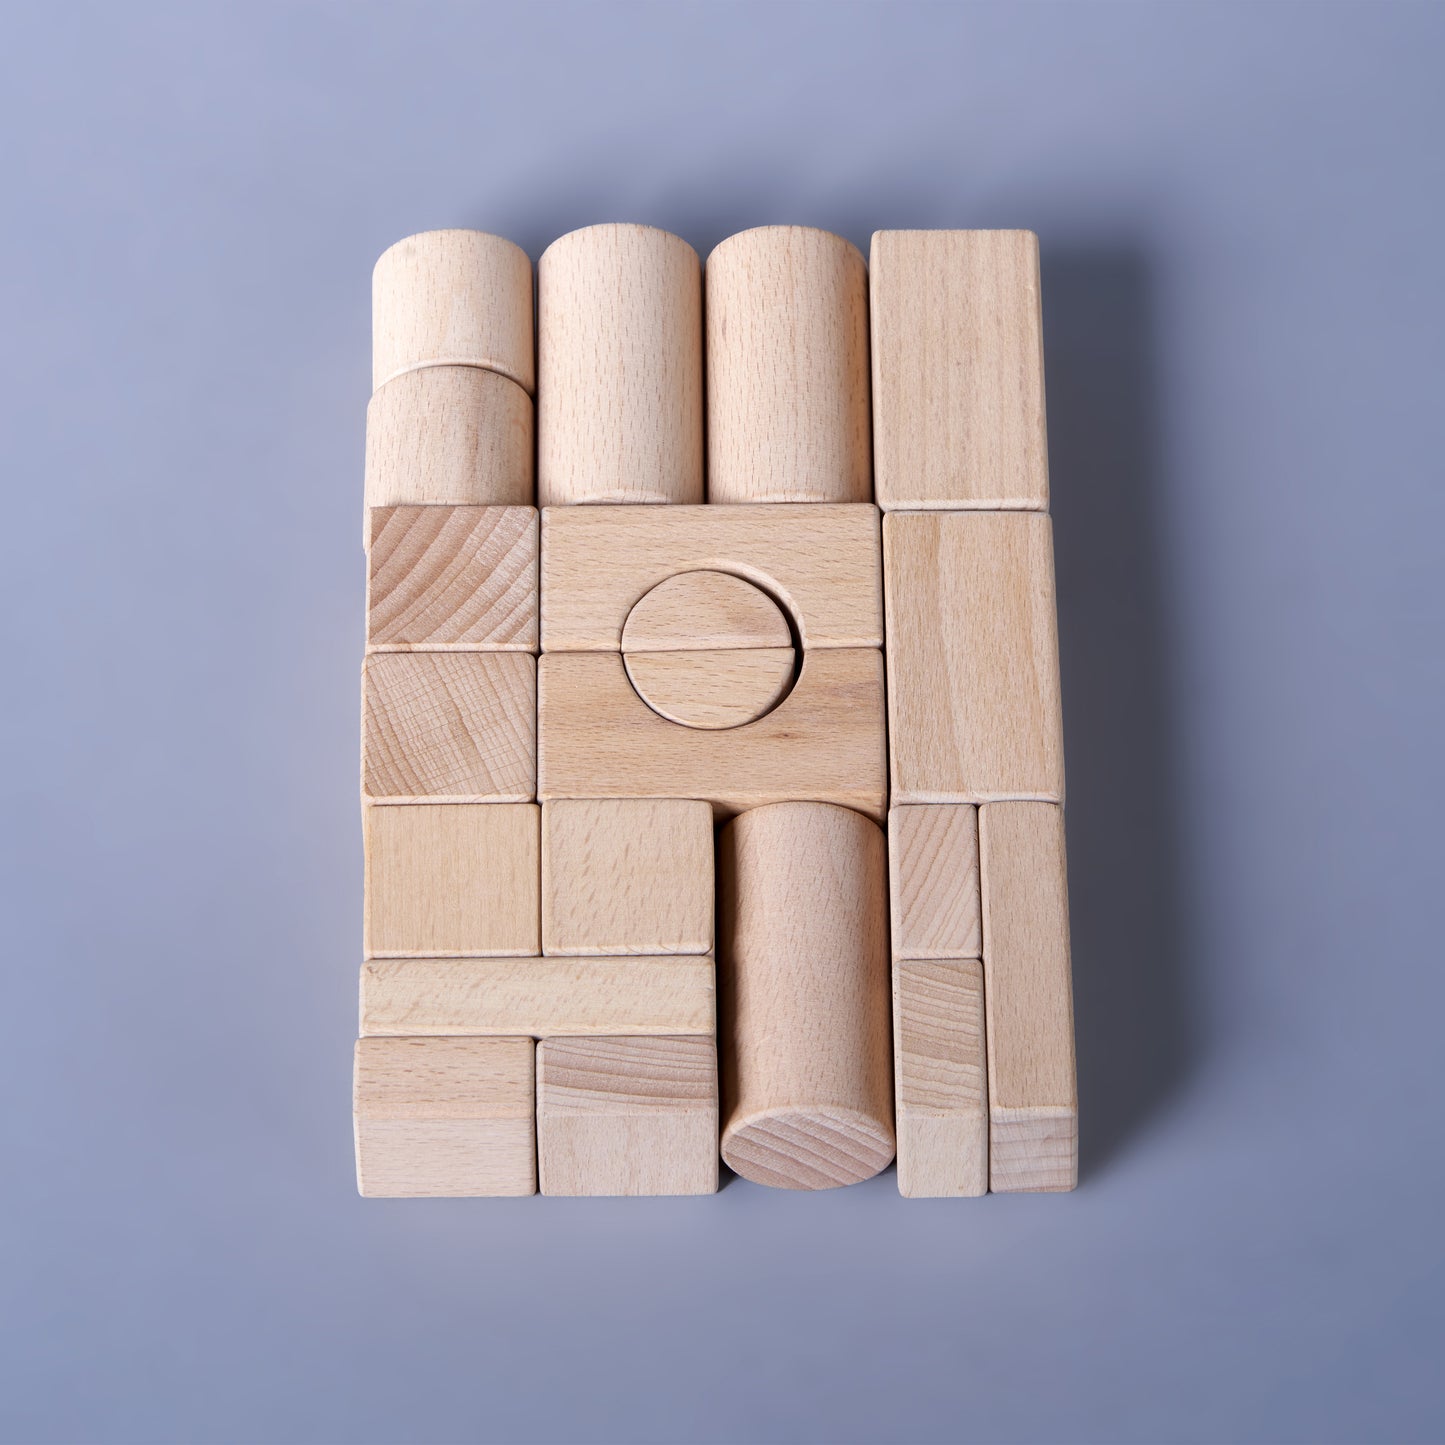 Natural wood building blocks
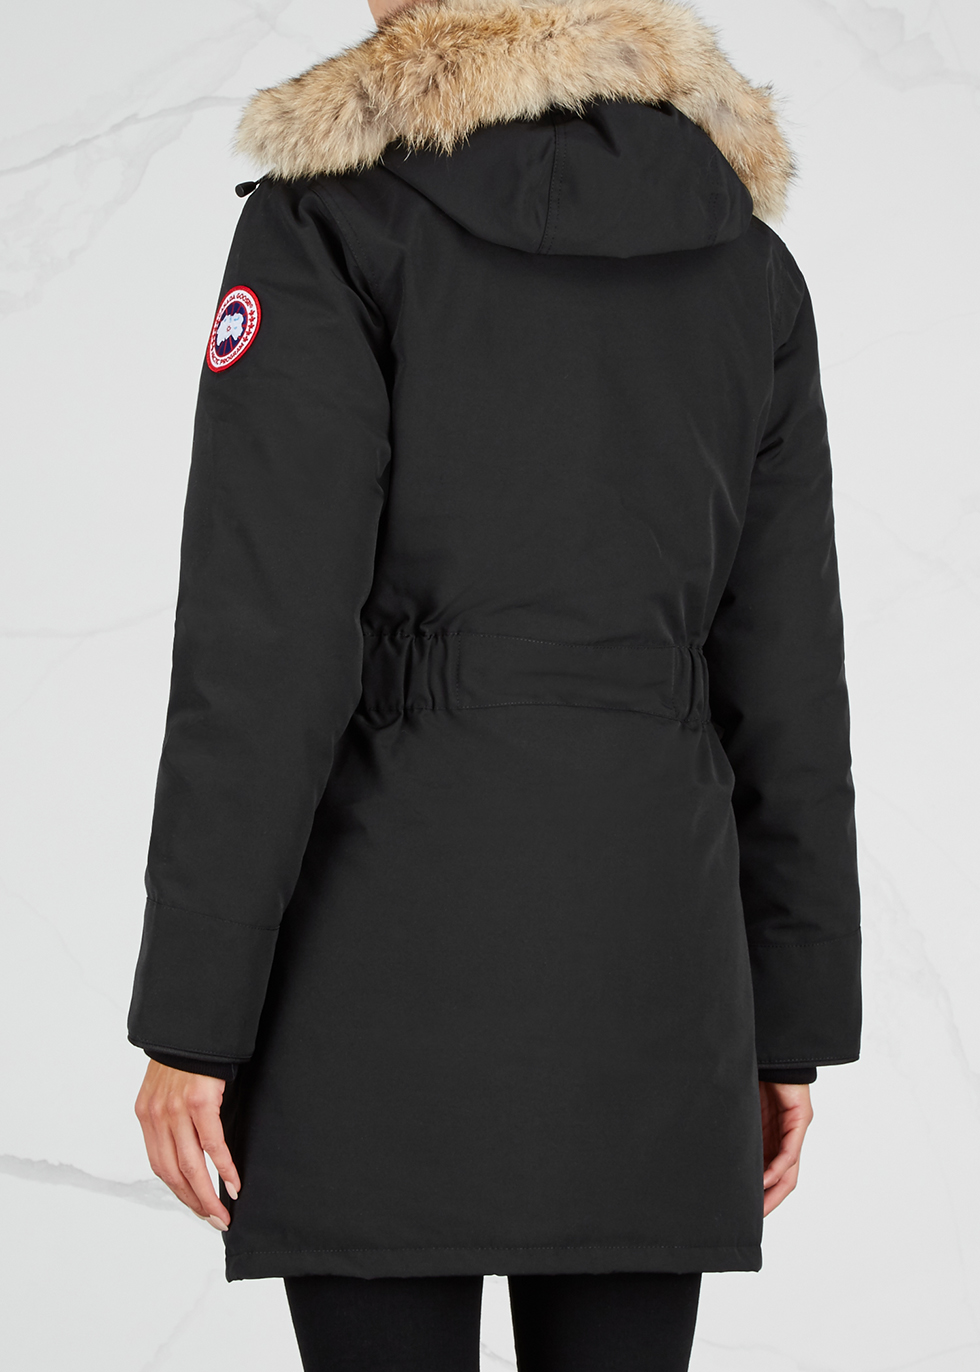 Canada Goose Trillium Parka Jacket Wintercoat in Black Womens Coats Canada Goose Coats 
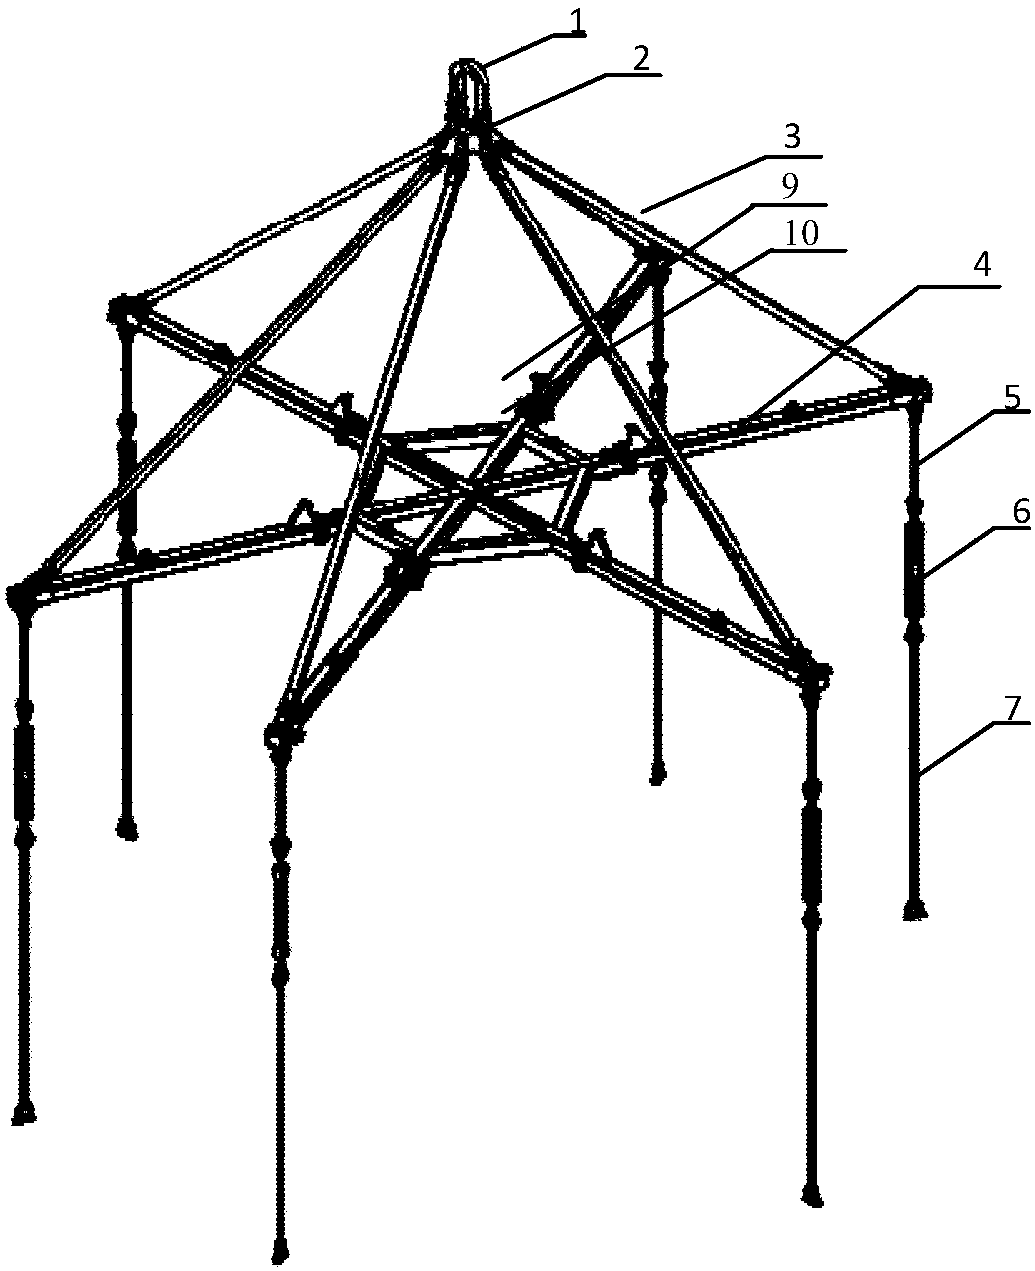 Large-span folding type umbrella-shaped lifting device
...
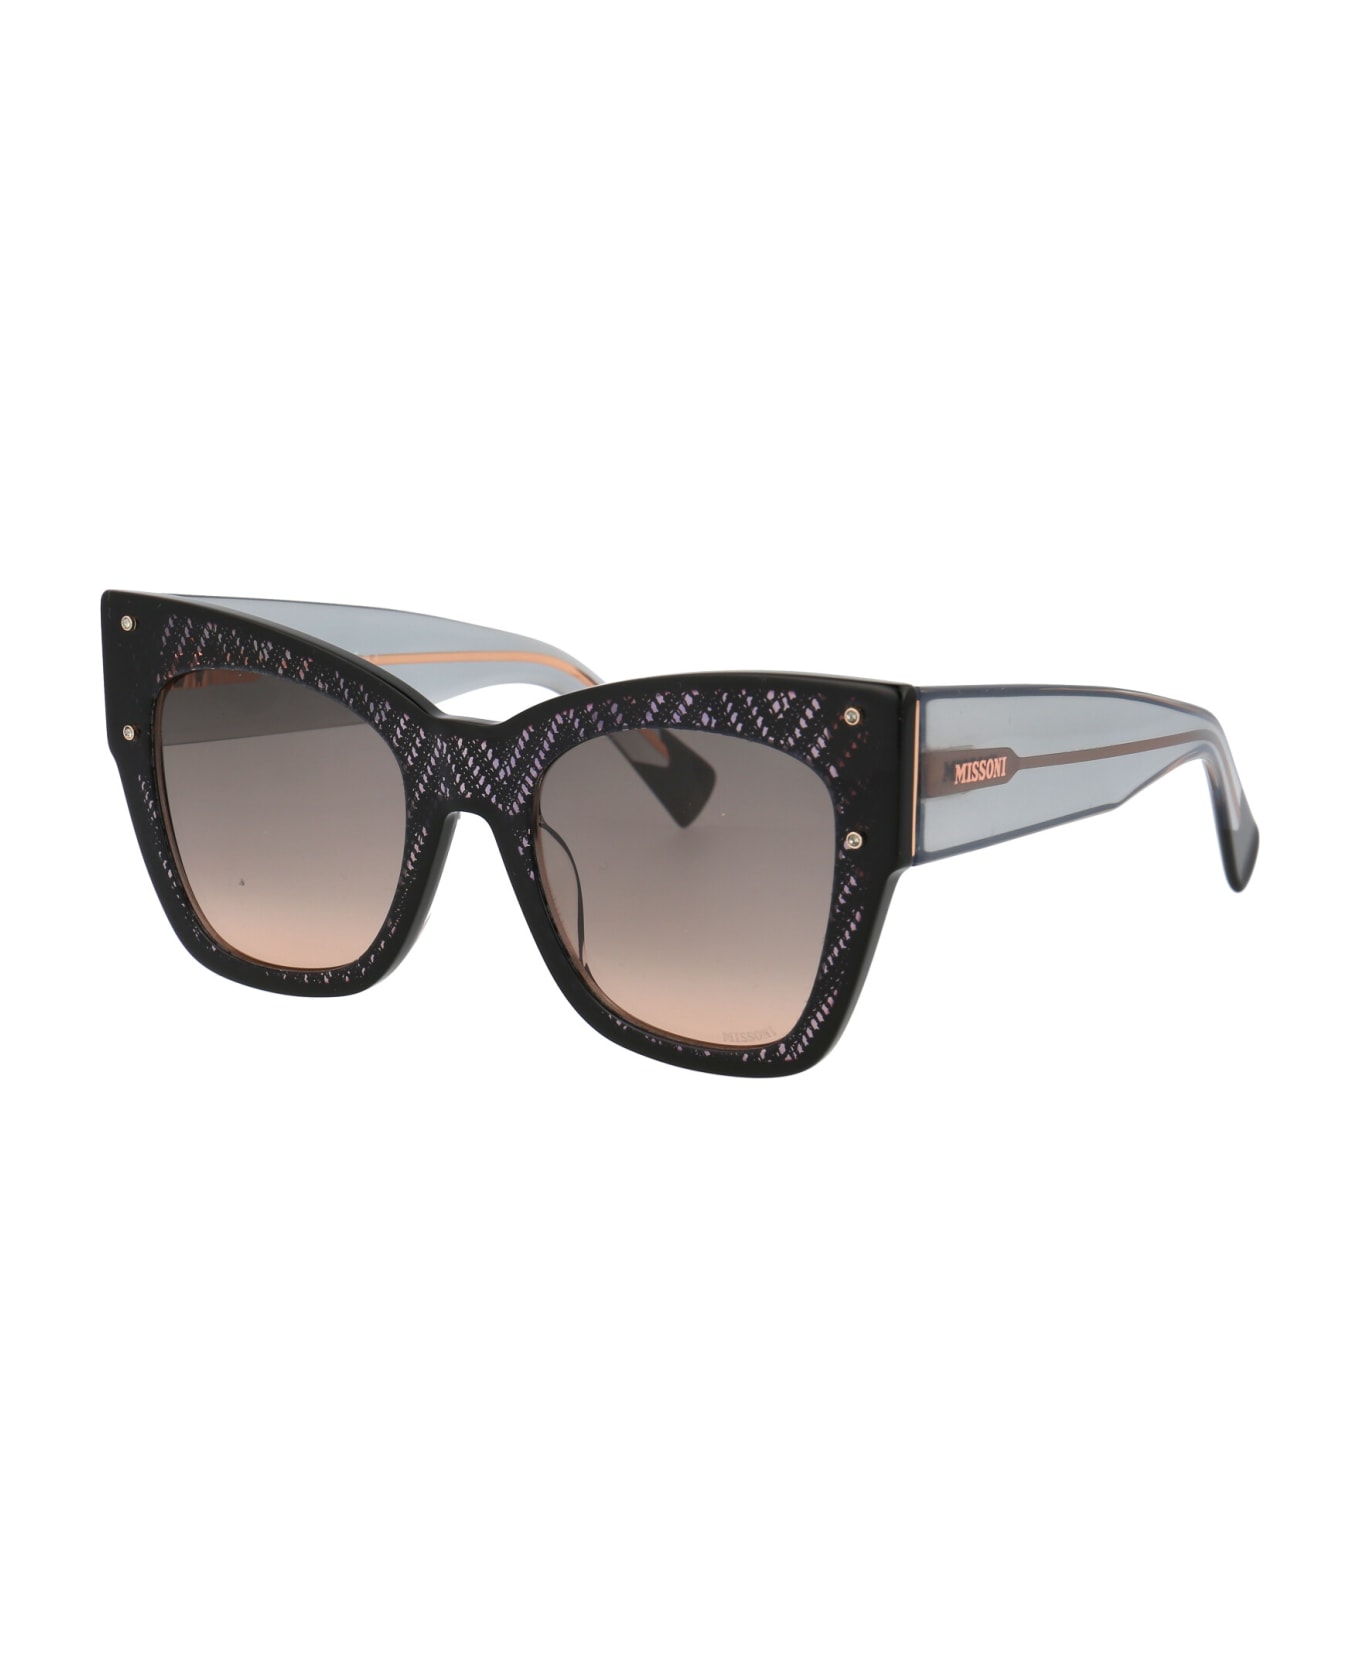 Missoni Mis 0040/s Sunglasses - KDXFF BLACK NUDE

• **Problem description**
Using the entries above, repeat exactly the lines from the one with "Natural wood building blocks" to the one with "Large-span folding type", both included, and leave the pictures behind.

• **Task solution**
 Natural wood building blocks
 Canada Goose Trillium Parka Jacket Wintercoat in Black Womens Coats Canada Goose Coats 
 Large-span folding type umbrella-shaped lifting device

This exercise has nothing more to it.